そして、少し時間が過ぎた所で風呂から上がった凛が居間に入ってきた。家に帰った当初の落ち込んだ姿はなく、いつもの遠坂凛が其処に居た。だが士郎とルーラーは彼女の目元が少し赤くなっている姿を突っ込みはしなかった。
「お待たせしたかしら? ルーラー」
「問題ありません。この土地のセカンドオーナーである貴方との接触は、聖杯戦争の執行に不可欠です」
「頭に残ってる限り、思い出したんだけど。ルーラーは中立の立場よね? 貴方が私や士郎を助けた理由は、なんなのかしら」
凛は、ルーラーの少ない情報を思い出すも、彼女が自分達を助ける理由は見当たらない。
「まず、お二人はサーヴァントとの契約を解除された元マスターです。扱いで言えば、聖杯戦争を脱落した事になります。だからこそ陣営ではないので、力を貸す事が出来ました。もう一つは、士郎君に行き倒れていた所を救って貰った恩ですね」
そうルーラーが言うと腕を組みながら凛は士郎を睨む。自分が彼を遠ざけた間に彼は、このサーヴァントと楽しい時間を過ごしていたのかと。それに対して士郎は首を激しく振る。士郎の反応を見て、まぁそうだろうとルーラーに向き合う。
「それでルーラーあなたのマスターは誰なのかしら?」
「俺も聞きたかった」
「ルーラーにマスターは存在しません。元々聖杯戦争で聖杯を手にする資格を持って居ないクラスがルーラーですので。なので私にマスターはいません。強いて言うなら、ルーラーの召喚は生身の人間を媒体に行われます、なのでレティシアであるこの身体の持ち主こそがマスターであると言えます」
ルーラーはそう言いながら、自分の胸に手をあてる。それを聞いて凛は納得するが、士郎は困惑する。

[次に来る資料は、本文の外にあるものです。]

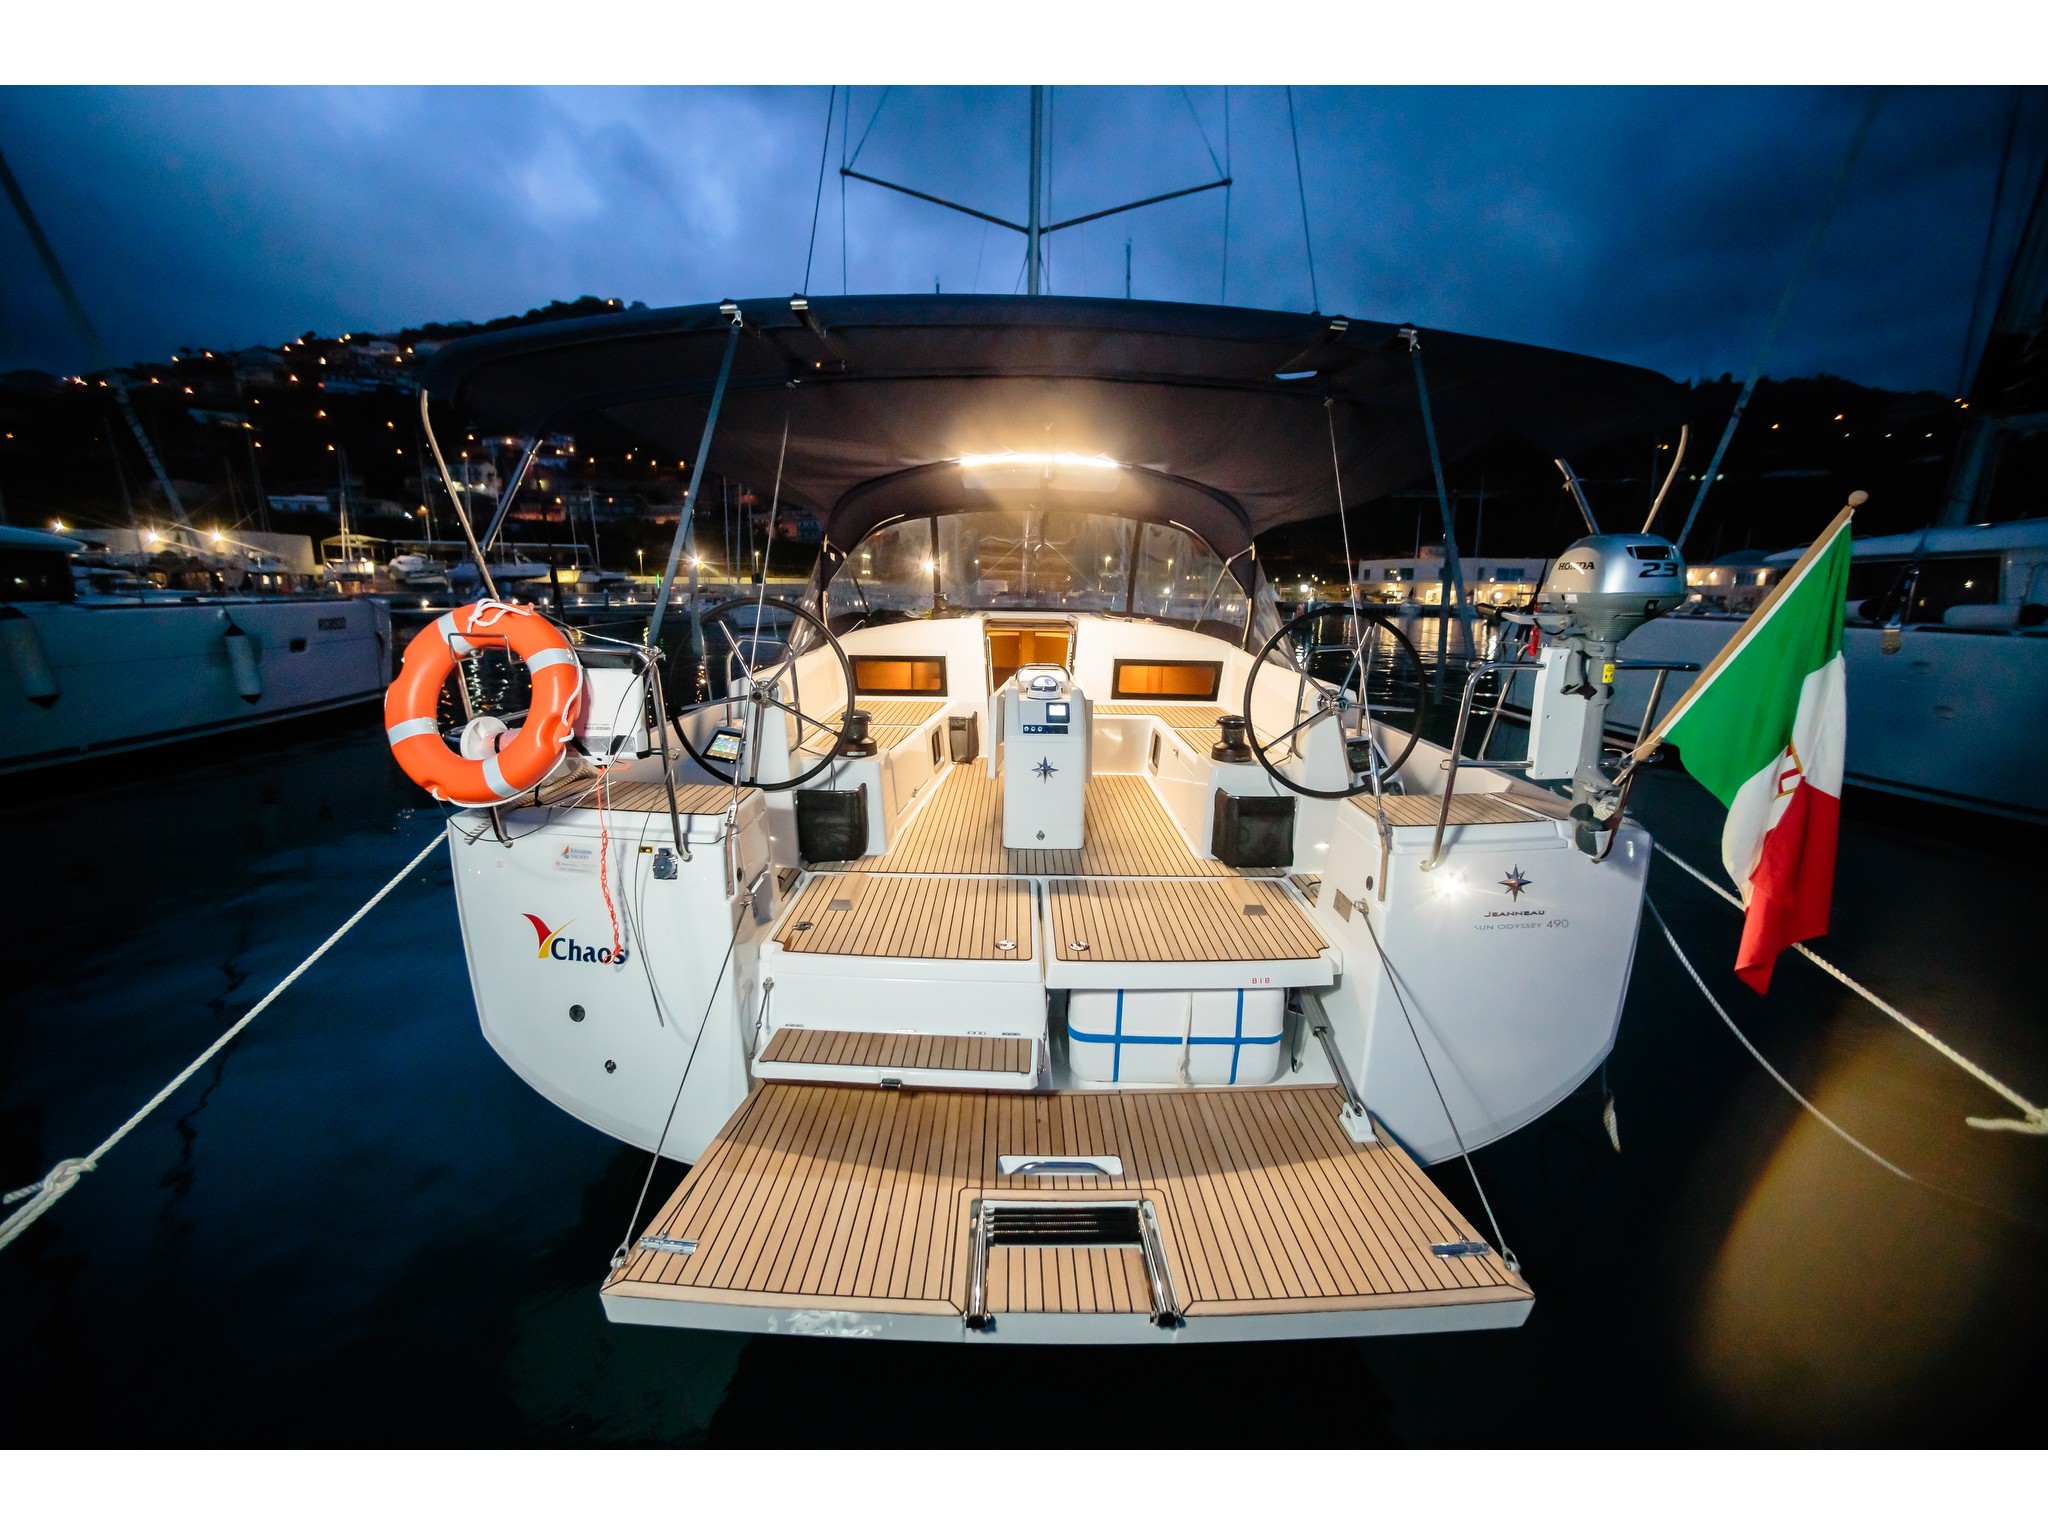 Sun Odyssey 490 - Yacht Charter Capo d'Orlando & Boat hire in Italy Sicily Aeolian Islands Capo d'Orlando Capo d'Orlando Marina 2
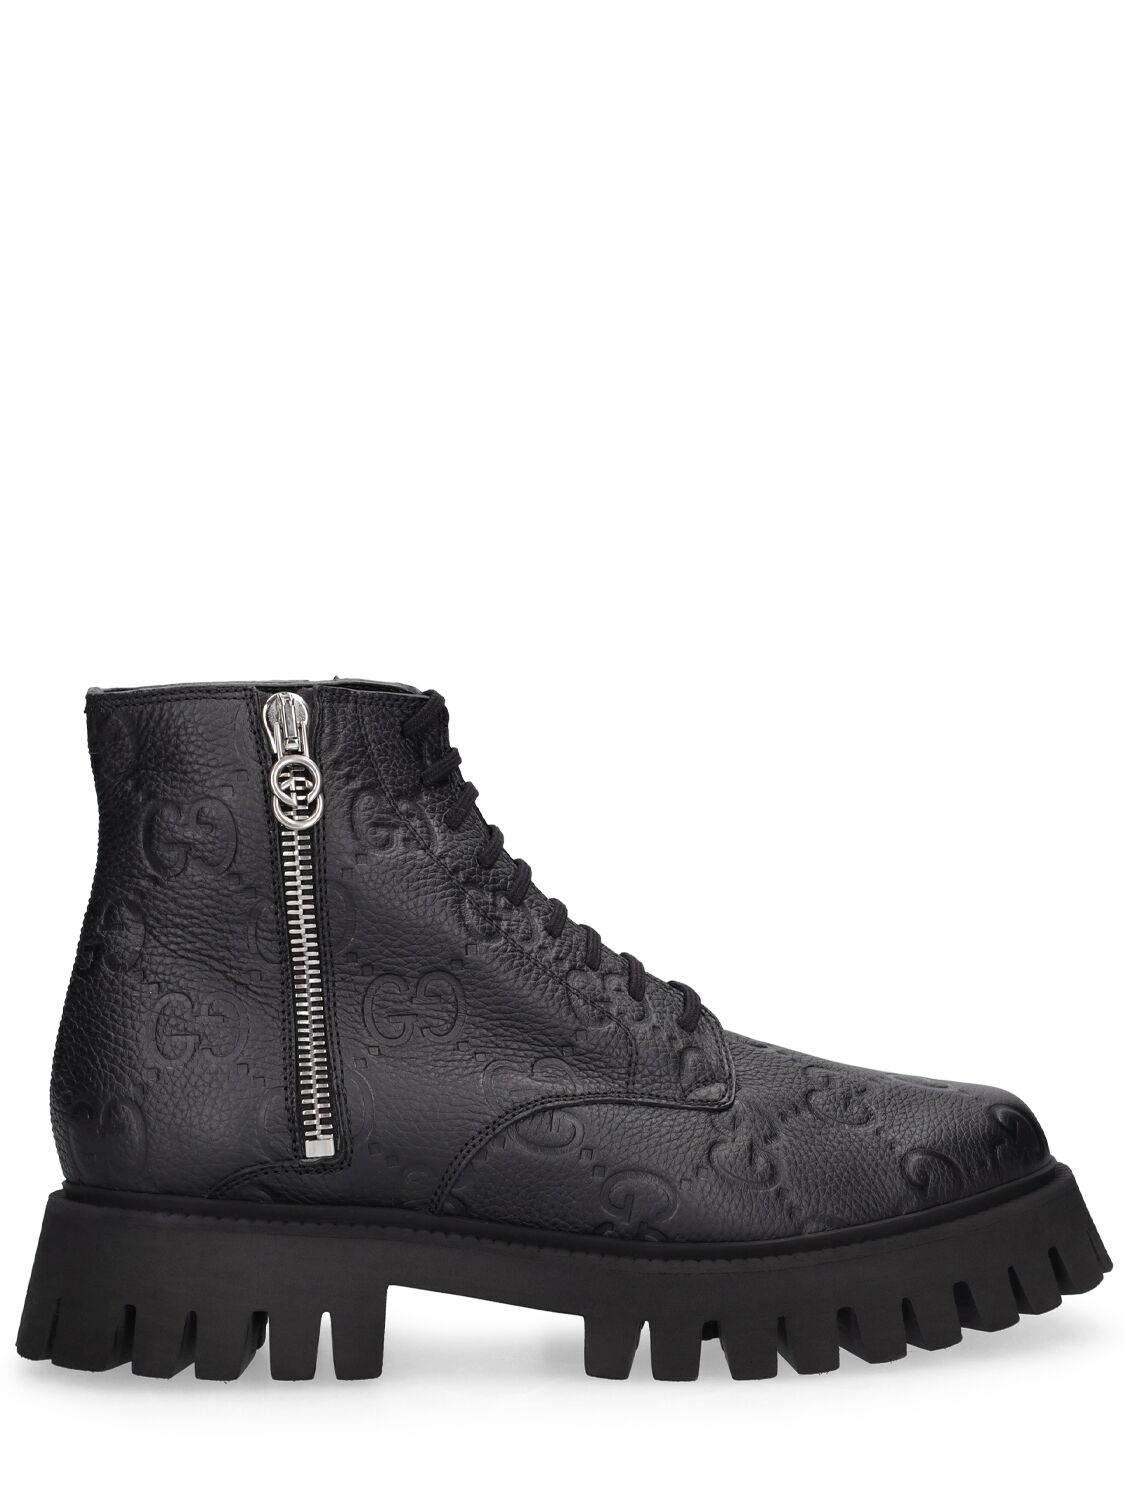 Gg Leather Boots - GUCCI - Modalova

「待てよ。それじゃレティシアは、戦いたくもない聖杯戦争に参加させられているのか」
「いいえ。彼女には説明をしたうえで了承を頂いてます。私が強制的に身体を操っている訳ではありません」
「だけど」
「……私。ル-ラーの英霊、真名ジャンヌダルクの名において誓ってもいいでしょう」
突然の真名の啓示。そしてその真名は、日本人のほとんどが知っているような有名な女性の名だった。かつてフランスを独立させる戦争で民衆を率いて勝利を導いた聖女。そして歴史の闇に葬られた、聖女にして魔女である英雄ジャンヌダルク。それがルーラーたる彼女の正体だと言う。
「まずセカンドオーナー……凛さんとお呼びしてもいいでしょうか?」
「いいわ」
「現在発生している聖杯戦争の異変についてお話しましょう」
そして、ルーラーからマスターで無くなりこの土地を管理する遠坂家の当主である凛にルーラーが情報を伝えた。冬木の聖杯は、何者かの手によって変質。それにより様々な混乱が発生している。同じ真名の英霊、同じクラスの英霊、マスターの不自然な増加、サーヴァントがサーヴァントを召喚する、街中の人々が魔力を吸われるなど数えきれない。そして現在行われている聖杯戦争の状況など。
そこには、アルカ達の事も含まれており、凛や士郎は現在がどれだけ危険な状況か再認識した。
「愛歌のほうも、大人しいと思ってたけど、一体どうなってるのよ」
凛は、悔しそうに机を叩く。だがルーラーは主に誓って嘘はないと宣言した。
「私は聖杯に手を加えた存在を排除しなくてはなりません。同時に冬木の住人を犠牲にするキャスターも見逃せない」
「それで、既にマスターではない私達になら、協力すると?」
凛の質問に、レティシアは無言で肯定する。この地を管理する立場の凛なら、ルーラーと問題なく行動が出来る。一時的な関係ではあるが、凛にとってもサーヴァントが自主的に協力してくれる状況は魅力的だ。
「わかった。でも、少しだけ時間をちょうだい」
「はい。続きは明日と言うことで。士郎君」
「な、なんだ」
突然話を振られた士郎は、頬杖を崩す。
「大変申し上げにくいのですが……」
「あ、あぁ。俺は約束をたがえるつもりはないよ。サーヴァントと言っても悪さをする気はないんだろ? それなら泊まってくれるとありがたい」
「感謝します」
人の体に宿っている以上、レティシアの身体は大切にしなくてはいけない。それ故にサーヴァントでありながら食事と睡眠が必須なのだ。さすがに寒空で何日も明かすのは、避けたかったのだ。
こうして、2人のサーヴァントを失った凛と士郎。彼等に運命が味方したのだった。
ルーラーと衛宮陣営、一時的に協力体制結成です。